Setup

Import every component of the HuggingFace tokenizer pipeline: models (BPE, WordPiece, Unigram), normalizers, pre-tokenizers, post-processors, and decoders. This notebook dissects each stage individually so you can understand how they compose into a full tokenization pipeline.

# !pip install tokenizers

from tokenizers import Tokenizer, models, normalizers, pre_tokenizers, processors, decoders, trainers
from tokenizers.models import BPE, WordPiece, Unigram
from tokenizers.normalizers import NFD, NFKC, Lowercase, StripAccents, Replace, Strip, Sequence as NormSeq
from tokenizers.pre_tokenizers import Whitespace, WhitespaceSplit, ByteLevel, CharDelimiterSplit, Digits, Punctuation, Sequence as PreSeq
from tokenizers.processors import TemplateProcessing
from tokenizers.decoders import ByteLevel as ByteLevelDecoder, WordPiece as WordPieceDecoder

print("✅ Imports successful")

Part 1: Normalization

Normalization cleans and standardizes text before tokenization.

1.1 Unicode Normalization (NFD, NFC, NFKC, NFKD)

NFD (Canonical Decomposition): Breaks characters into components NFC (Canonical Composition): Combines components NFKC (Compatibility Composition): Normalizes to standard forms

# Test text with special characters
test_text = "Héllo Wörld! café résumé"

# NFD - Decompose
nfd = normalizers.NFD()
print(f"Original:  {test_text}")
print(f"NFD:       {nfd.normalize_str(test_text)}")
print(f"Bytes:     {[c for c in nfd.normalize_str(test_text)]}")

# NFKC - Compose and compatibility normalize
nfkc = normalizers.NFKC()
print(f"\nNFKC:      {nfkc.normalize_str(test_text)}")

1.2 Lowercase Normalization

What: Convert all characters to lowercase using normalizers.Lowercase().

Why: Lowercasing reduces vocabulary size by collapsing “Hello”, “hello”, and “HELLO” into a single token. BERT’s “uncased” models use this normalization, which improves generalization for tasks where case does not carry important meaning (e.g., topic classification). However, for tasks like named-entity recognition or code processing, preserving case is critical – which is why models like RoBERTa and GPT skip this step.

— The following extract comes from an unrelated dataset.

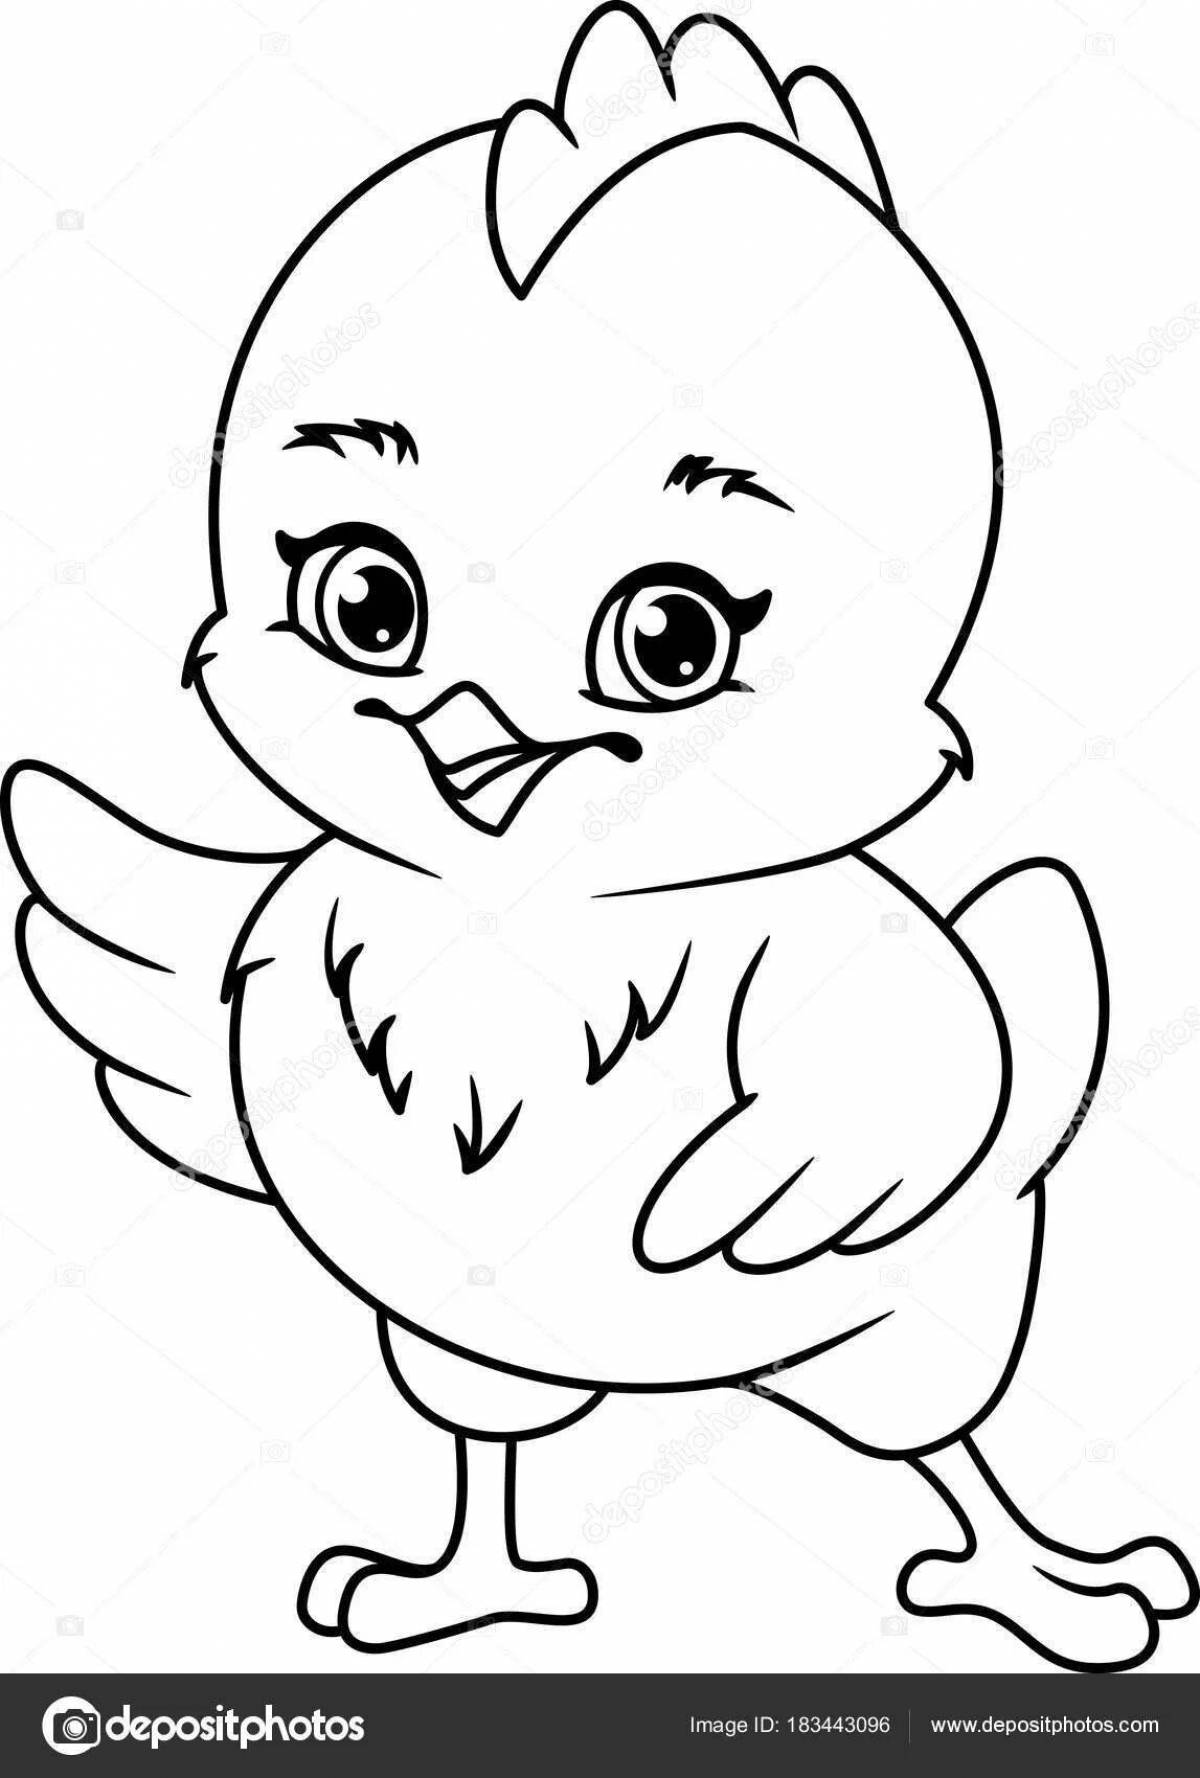 Fun coloring pages with chickens for kids 6-7 years old

lowercase = normalizers.Lowercase()

examples = [
    "Hello World",
    "MACHINE LEARNING",
    "NaTuRaL LaNgUaGe"
]

print("Lowercase Normalization:")
print("=" * 60)
for text in examples:
    normalized = lowercase.normalize_str(text)
    print(f"{text:25s}{normalized}")

1.3 Strip Accents

What: Remove diacritical marks (accents) from characters using normalizers.StripAccents(), so “cafe” and “cafe” map to the same form.

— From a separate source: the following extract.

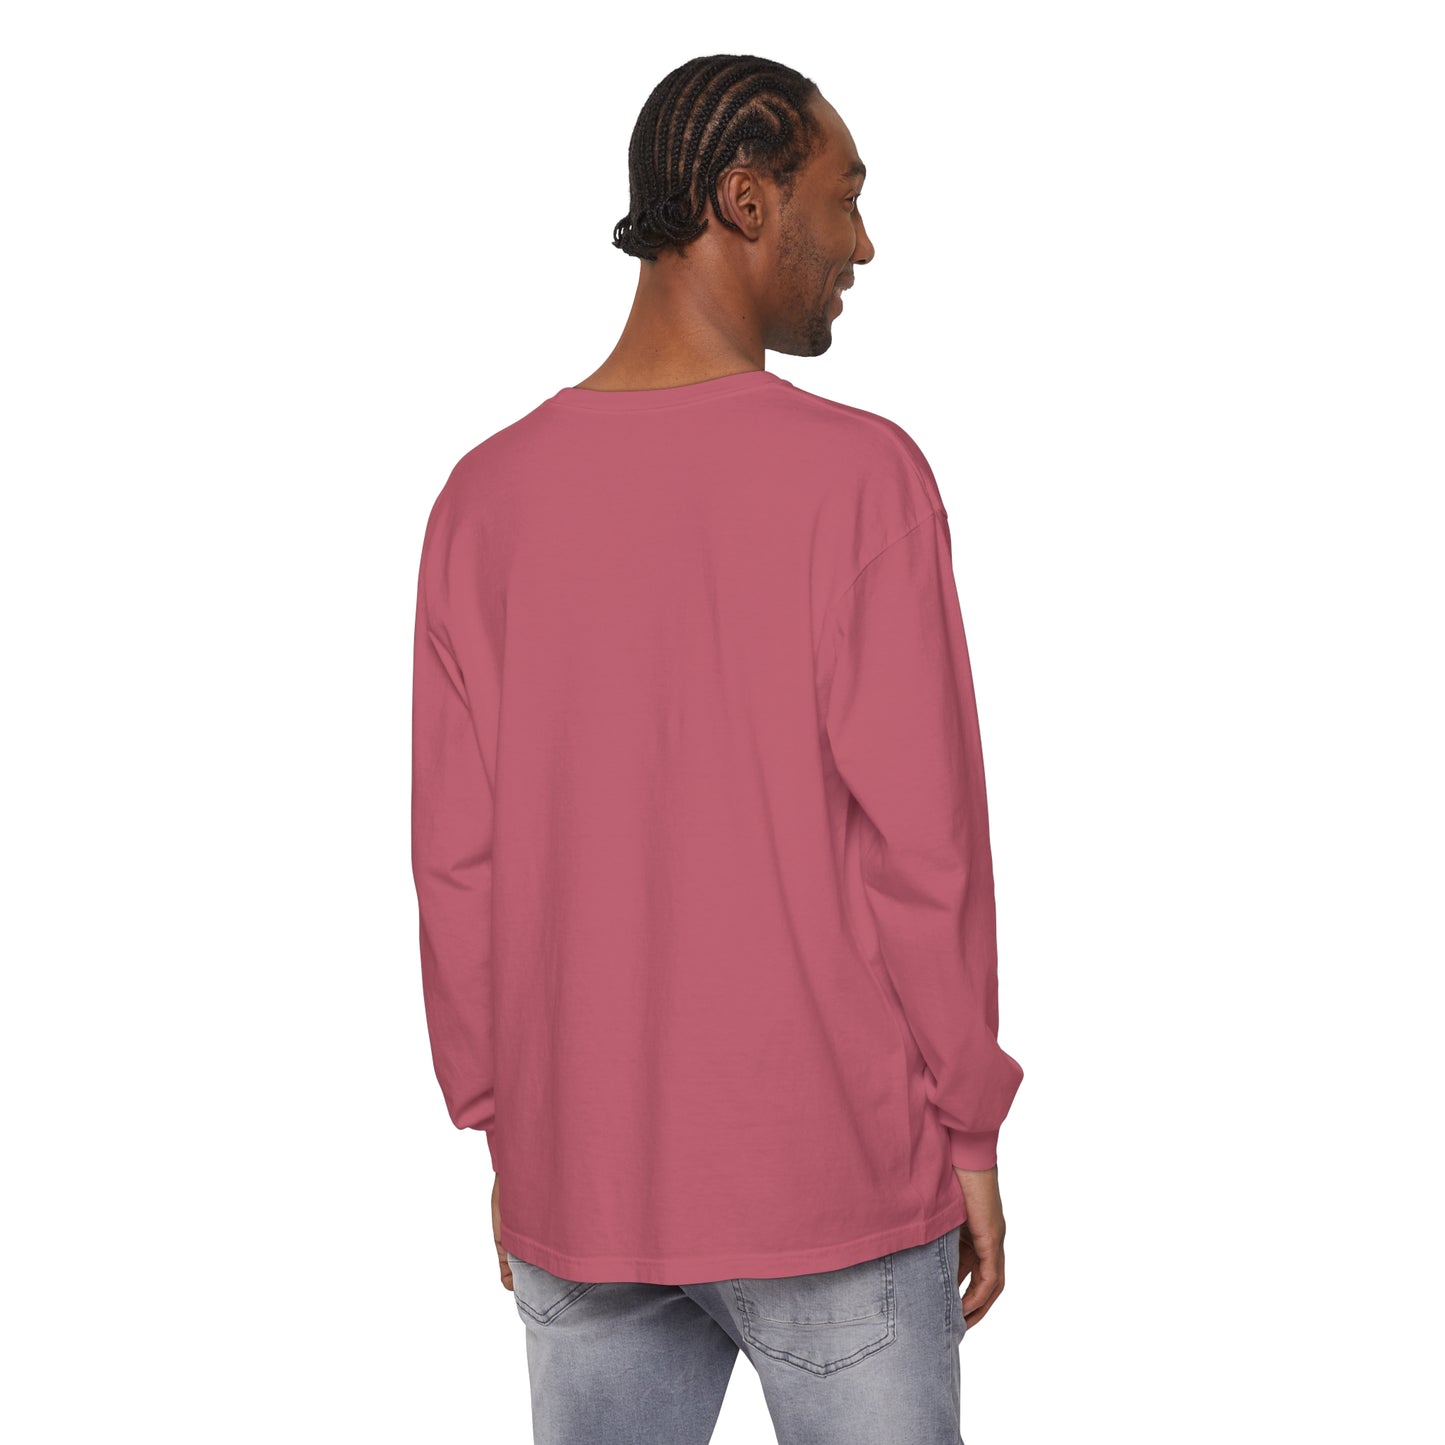 The back of a man wearing a HO HO HO Santa Outline Pink Long Sleeve Tee - Cozy Comfort Colors Unisex Shirt - Crewneck Holiday tee from Printify.

Why: Stripping accents further reduces vocabulary fragmentation for languages with accented characters (French, Spanish, German). Combined with NFD decomposition (which separates base characters from their combining marks), this normalizer collapses “e” into “e”. Note that this is destructive – it discards information that may matter for some languages – so use it deliberately.

strip_accents = normalizers.StripAccents()

examples = [
    "café résumé",
    "naïve señor",
    "Москва",  # Moscow in Russian
    "北京"      # Beijing in Chinese
]

print("Strip Accents:")
print("=" * 60)
for text in examples:
    normalized = strip_accents.normalize_str(text)
    print(f"{text:25s}{normalized}")

1.4 Replace Normalizer (Pattern Replacement)

What: Use normalizers.Replace() to apply regex-based substitutions – for example, collapsing multiple spaces or replacing URLs with a [URL] placeholder.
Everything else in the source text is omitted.